# Ulster Bank Online (can now be accessed from any computer)



## johnnybegood (27 Apr 2006)

Just to let people know of the improvement Ub have made to there internet banking. You can now access your bank account online through any computer. Before you were restricted to using a designated computer as they used a system whereby a cert for assigned to that specific machine.

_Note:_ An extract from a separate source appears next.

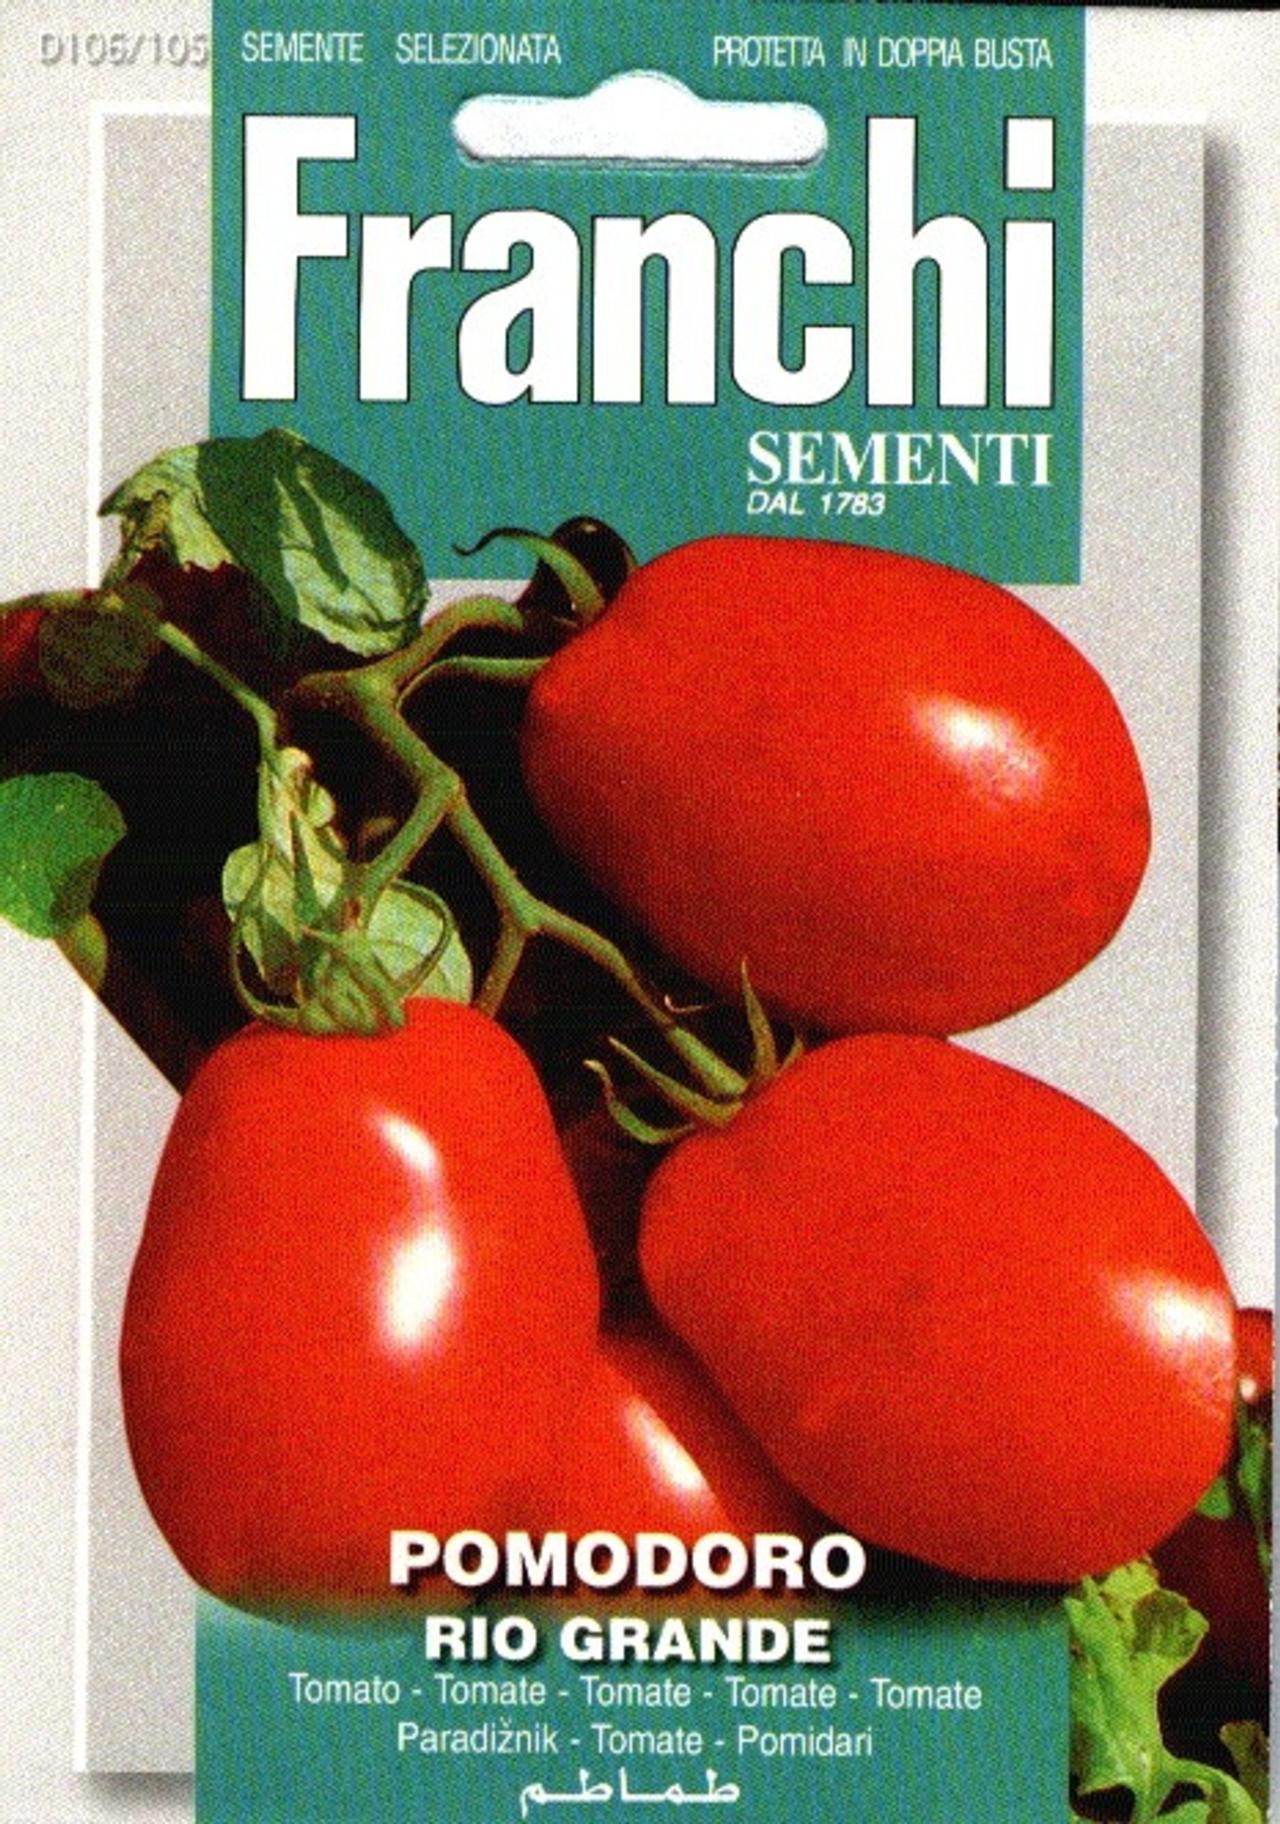 Solanum lycopersicum 'Rio Grando' plant

Its just a little thing but worth knowing about


----------



## ClubMan (27 Apr 2006)

Does that mean that I can leave my portable computer at home now?


----------



## johnnybegood (27 Apr 2006)

sure does!! Although with a portable computer like that i would want to bring that baby everywhere!!


----------



## rubberduckey (27 Apr 2006)

Thats great news, thanks for the update.


----------



## Alex (27 Apr 2006)

has the internet banking changeover with ub happened yet??? i see that telephone banking has changed alright but when i go to use internet banking i see no change whatsoever. i am still asked for a registration number and passphrase when i log onto internet banking. i thought they were doing away with this and intoducing a new way of logging in.


----------



## GeneralZod (27 Apr 2006)

Alex said:
			
		

> has the internet banking changeover with ub happened yet??? i see that telephone banking has changed alright but when i go to use internet banking i see no change whatsoever. i am still asked for a registration number and passphrase when i log onto internet banking. i thought they were doing away with this and intoducing a new way of logging in.



I'm not seeing any change either. 

If the blurb on the letter they sent out and on the web site is to be believed it should have prompted for a new customer number (in the letter) and got you to choose a new password and PIN.

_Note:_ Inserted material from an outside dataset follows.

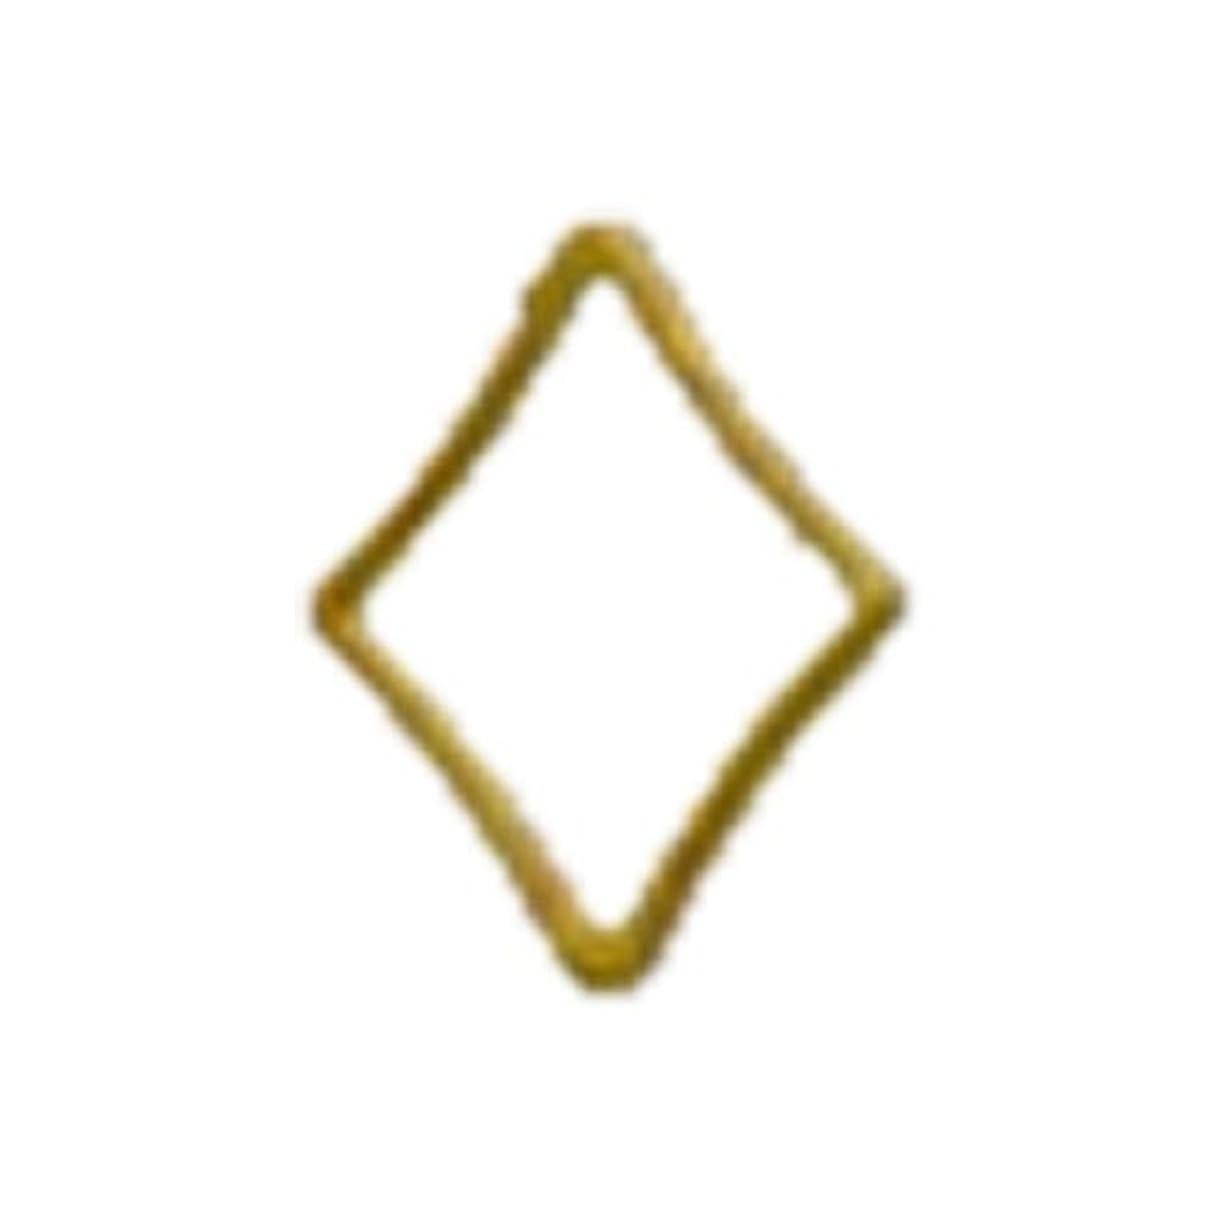 痴漢おびえた透けるリトルプリティー ネイルアートパーツ キラキラ 3S ゴールド 20個

Anyone know where the ".der" certificate file is supposed to go on a WinXP machine? 
Normally I use Mac OS. Want to check that in case the changeover breaks the unsupported
use of Mac OS for accessing it.


----------



## johnnybegood (28 Apr 2006)

Not aware of these problems. I have been a customer with Ub since September. I logged in as normal last week and then it prompted me to add additional pin and password for the new all access internet banking.

Then link to the new banking online is [broken link removed] it has a blue and white colour scheme.

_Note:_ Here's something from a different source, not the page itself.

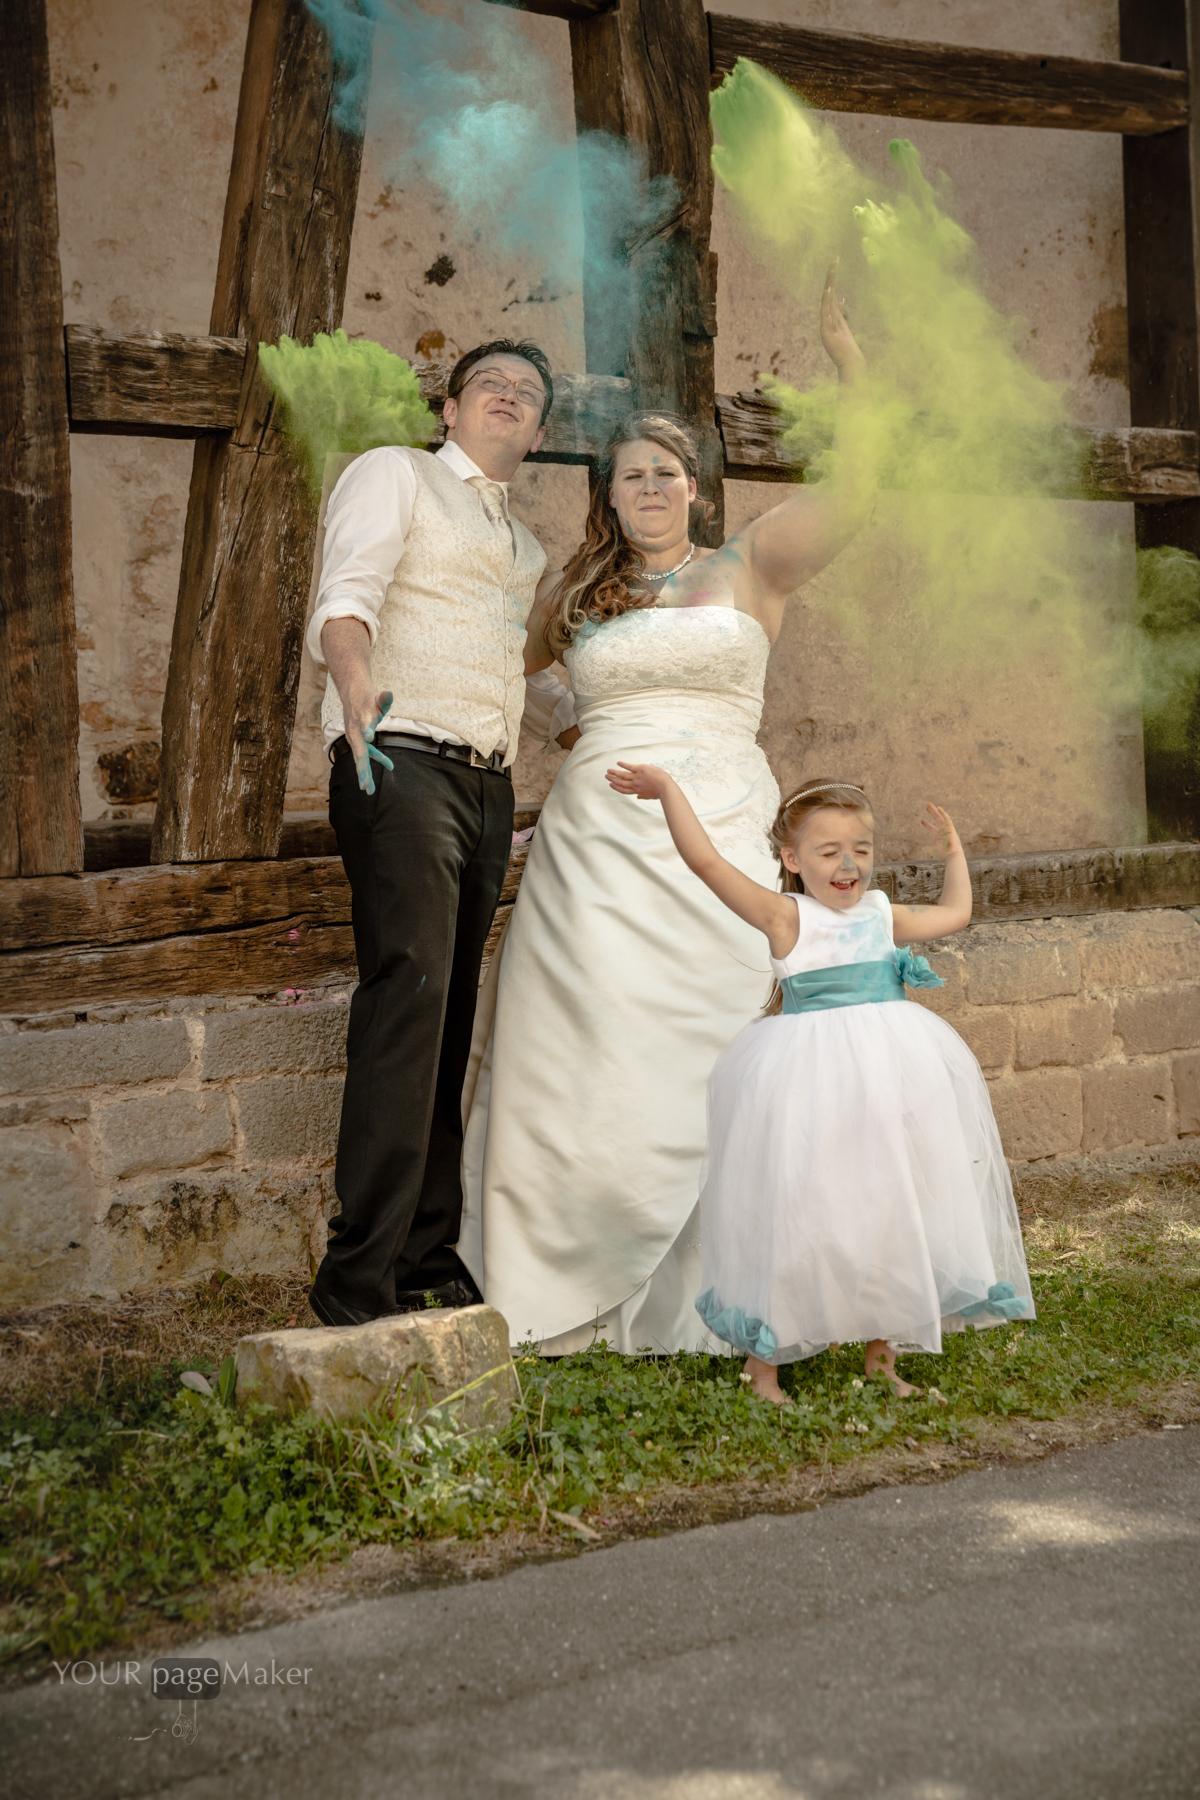 Hochzeitfotografiefotografie by YOURpageMaker

It should be available to all customers. Although might it have something to do with the u first account. I have a u first account what about you?


----------



## Alex (28 Apr 2006)

i have a u first gold account. i rang anytime banking today and was told that some customers can still log in the old way for a while longer.


----------



## Bgirl (29 Apr 2006)

I had to ring up 1850424365 and they guided me through the process of the password.  It hasnt changed any more than the method of loggin in and that you can log on from any pc.  In any case the site is down today.


----------



## dam099 (1 May 2006)

GeneralZod said:
			
		

> Anyone know where the ".der" certificate file is supposed to go on a WinXP machine?
> Normally I use Mac OS. Want to check that in case the changeover breaks the unsupported
> use of Mac OS for accessing it.


 
I think the .der certificates are now gone, at least I deleted mine (make a backup first) and the new system still works.

Apart from the revamped log on process and some small visual changes (mostly looks like updating for the new brand look) I can't see much difference in the functionality of the new system over the old (except the facility to set up 3rd party beneficiaries is currently disabled).


----------



## Alex (2 May 2006)

i hope they haven't done away with the 3rd party payment function altogether. i use it all the time.


----------



## GeneralZod (2 May 2006)

About six months ago I contacted UB about their 3rd party payment function because it wasn't passing the reference field properly. 

They said it would be fixed in April. Hopefully this is just a delay in enabling the function with the improved functionality.


----------